• _DIRECTIONS_
Copy the lines of the data below exactly, starting at the first and stopping after the line that contains "Spreading the cool"; include no pictures.

• _RECORDED DATA_
%%

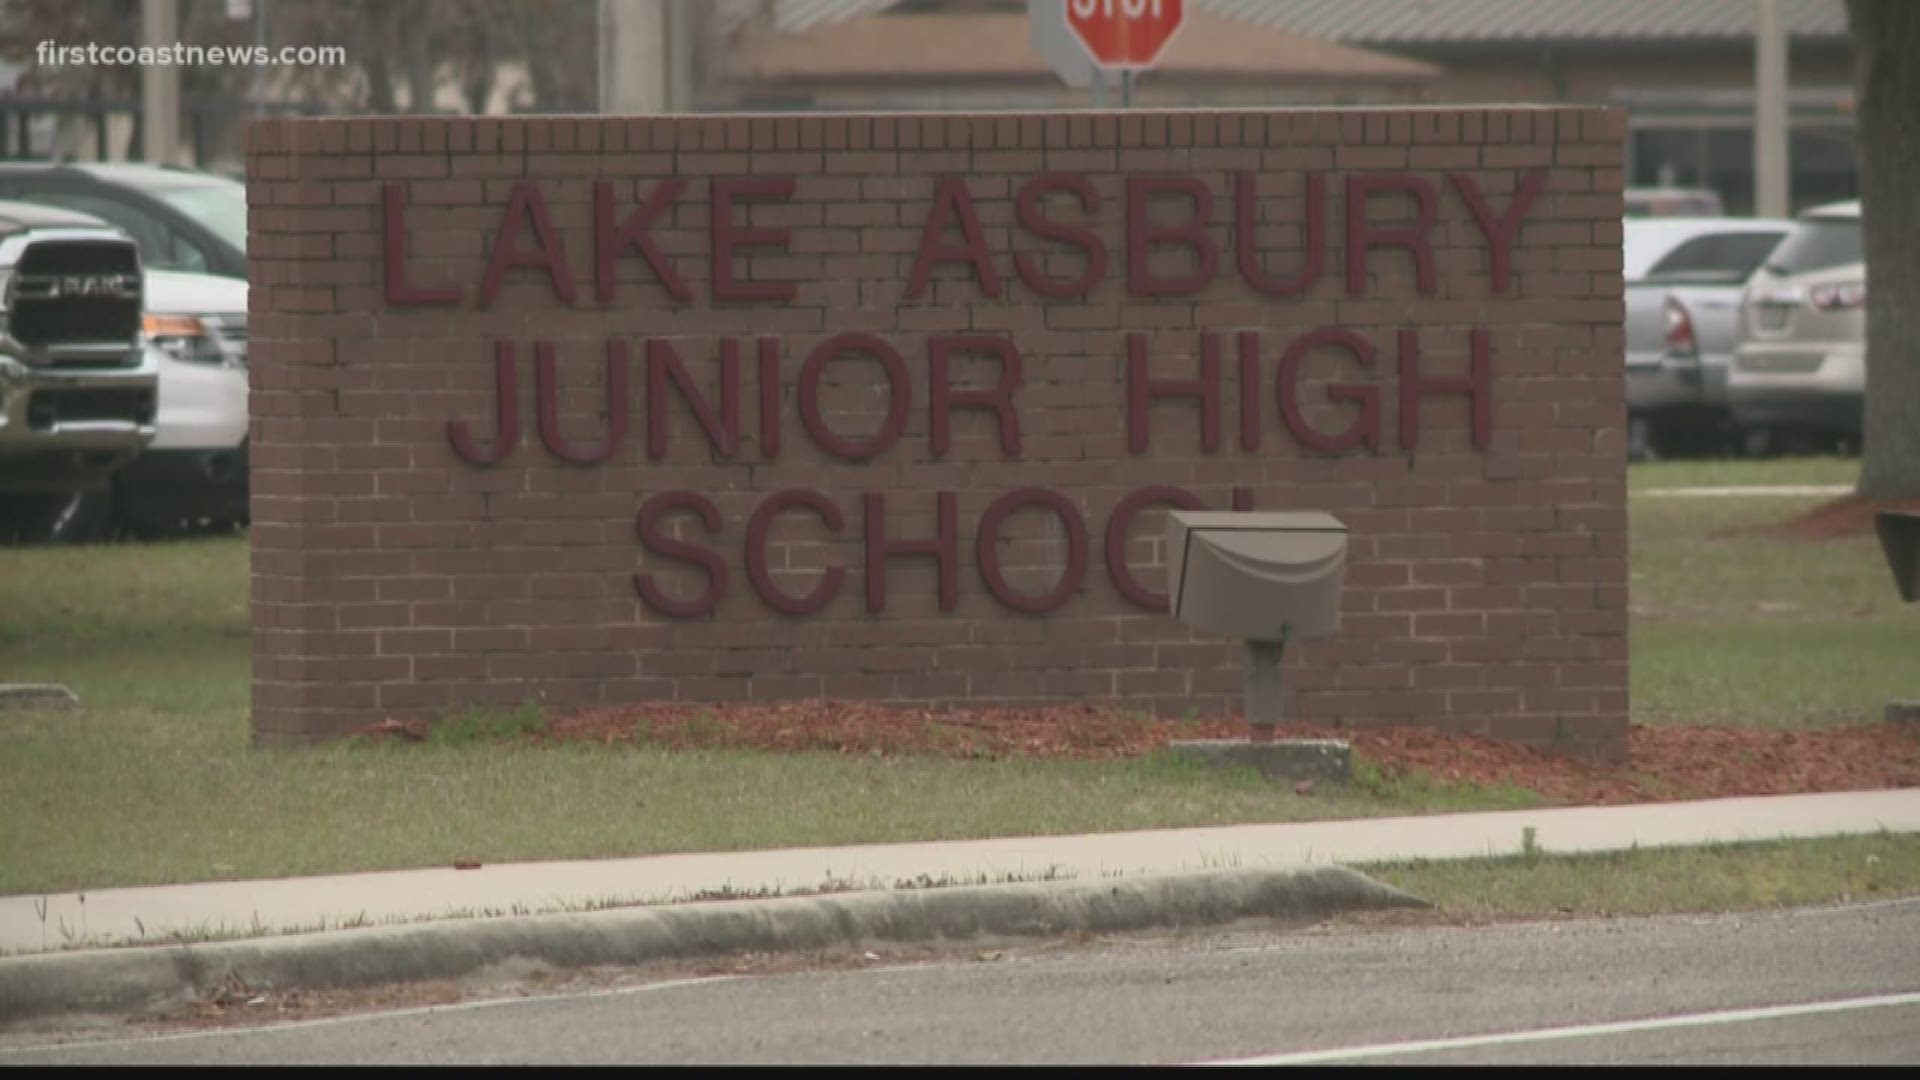 Sabrina Rock says several pages called "Lake Asbury Junior High Confessions" have led to bullying in the classroom.
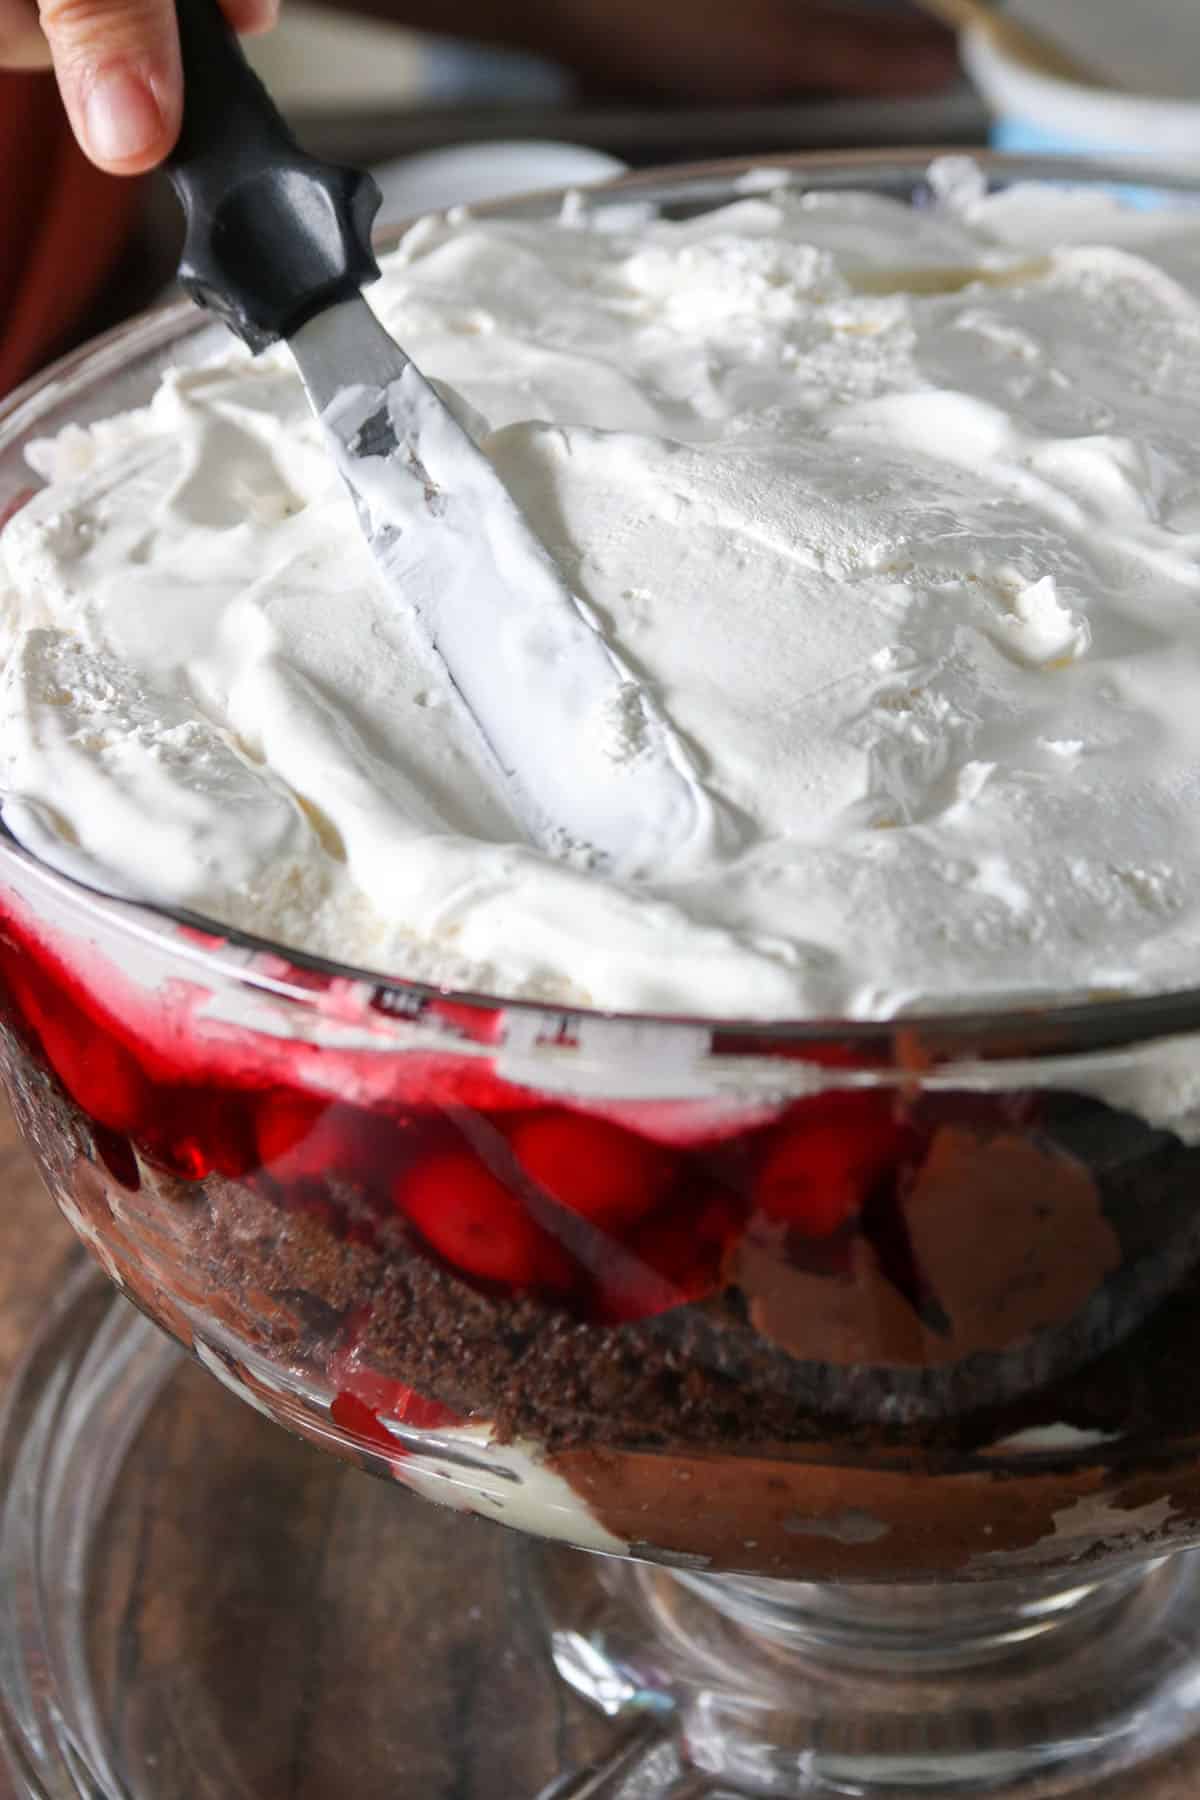 Spreading the cool whip topping on the trifle.
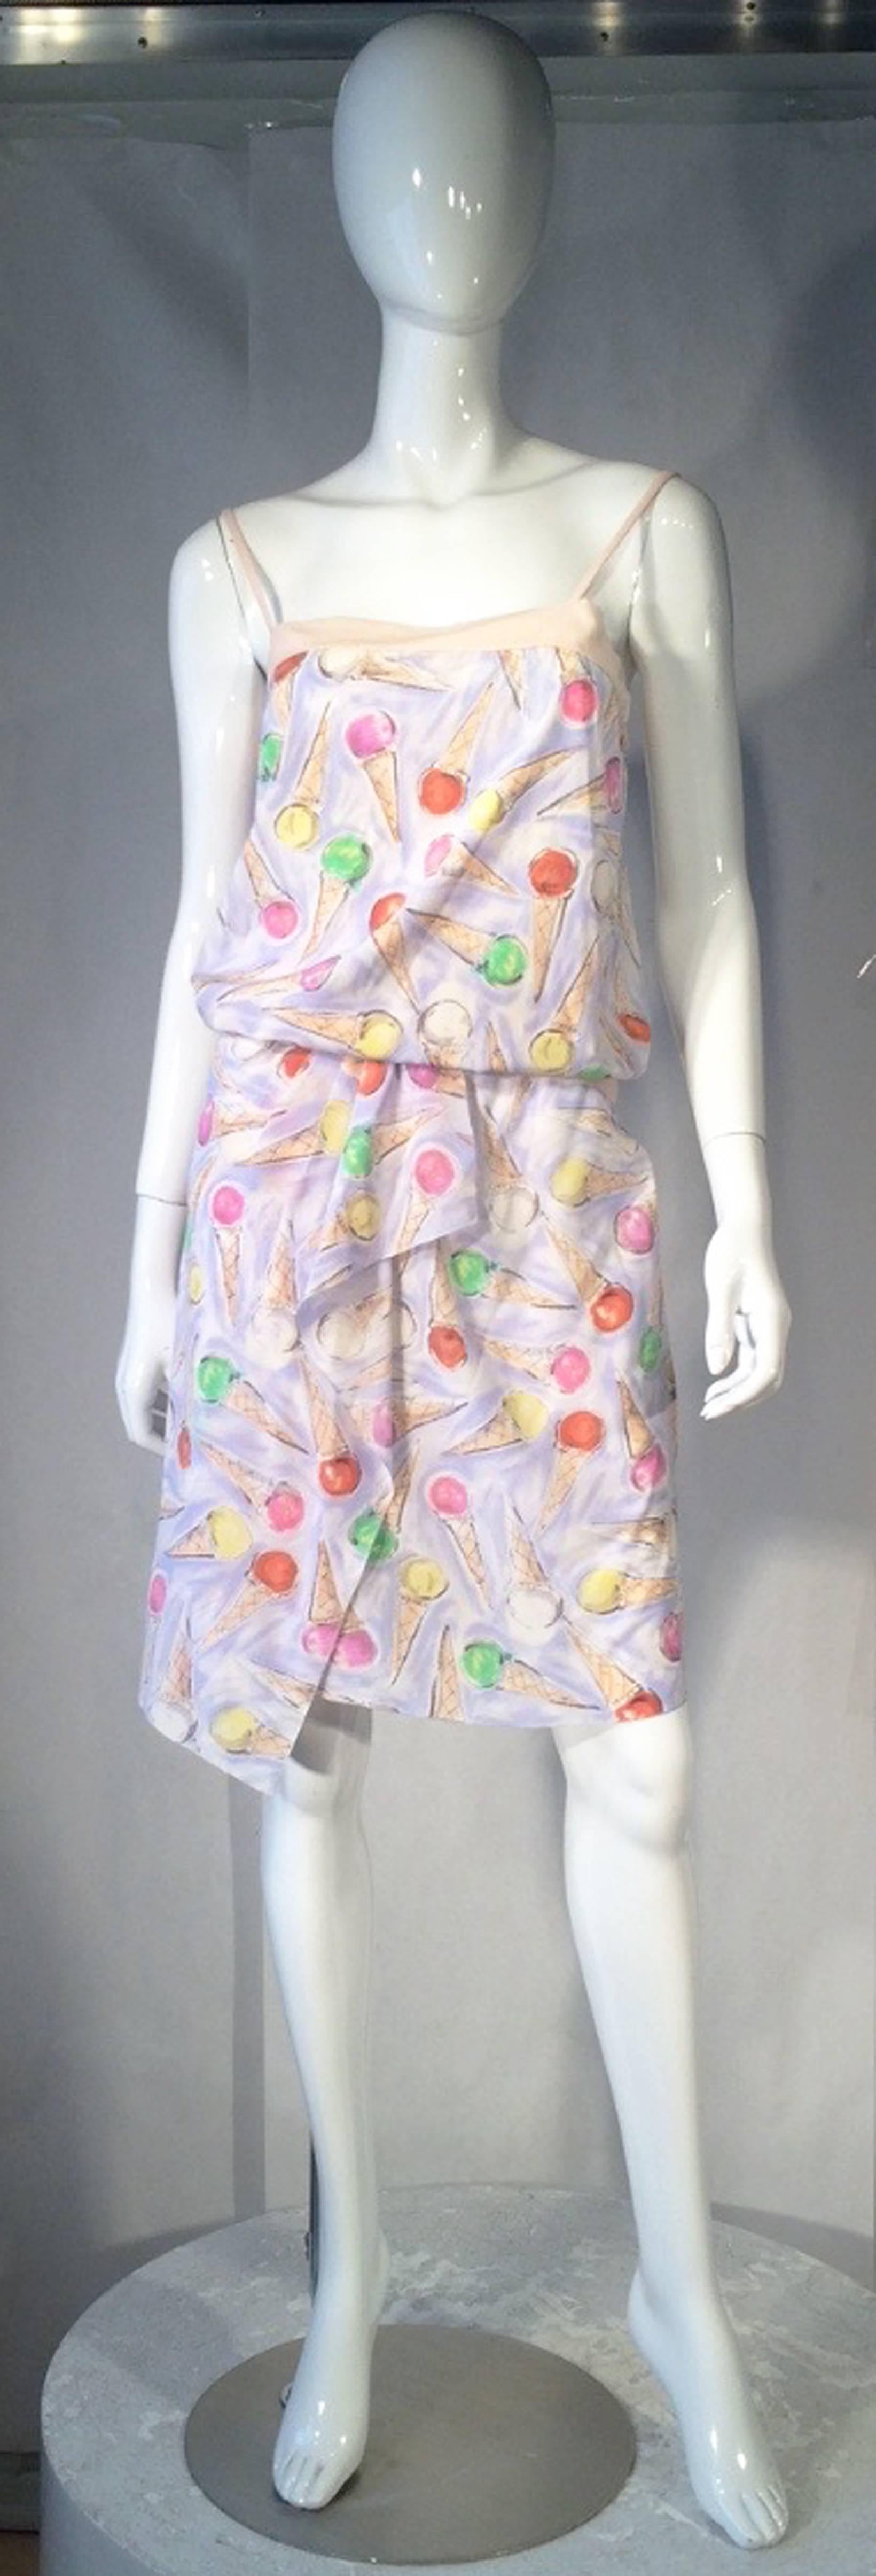 Iconic Chanel ice cream print 2pc. dress (Cruise collection, 2004). Silk crepe print items include a tank top (slips over head) and matching draped front skirt (buttons up back). Both items trimmed in a nude colored crepe. Pristine appears unworn.

%%

• _WRITTEN ANSWER_
 Sabrina Rock says several pages called "Lake Asbury Junior High Confessions" have led to bullying in the classroom.
 Spreading the cool whip topping on the trifle.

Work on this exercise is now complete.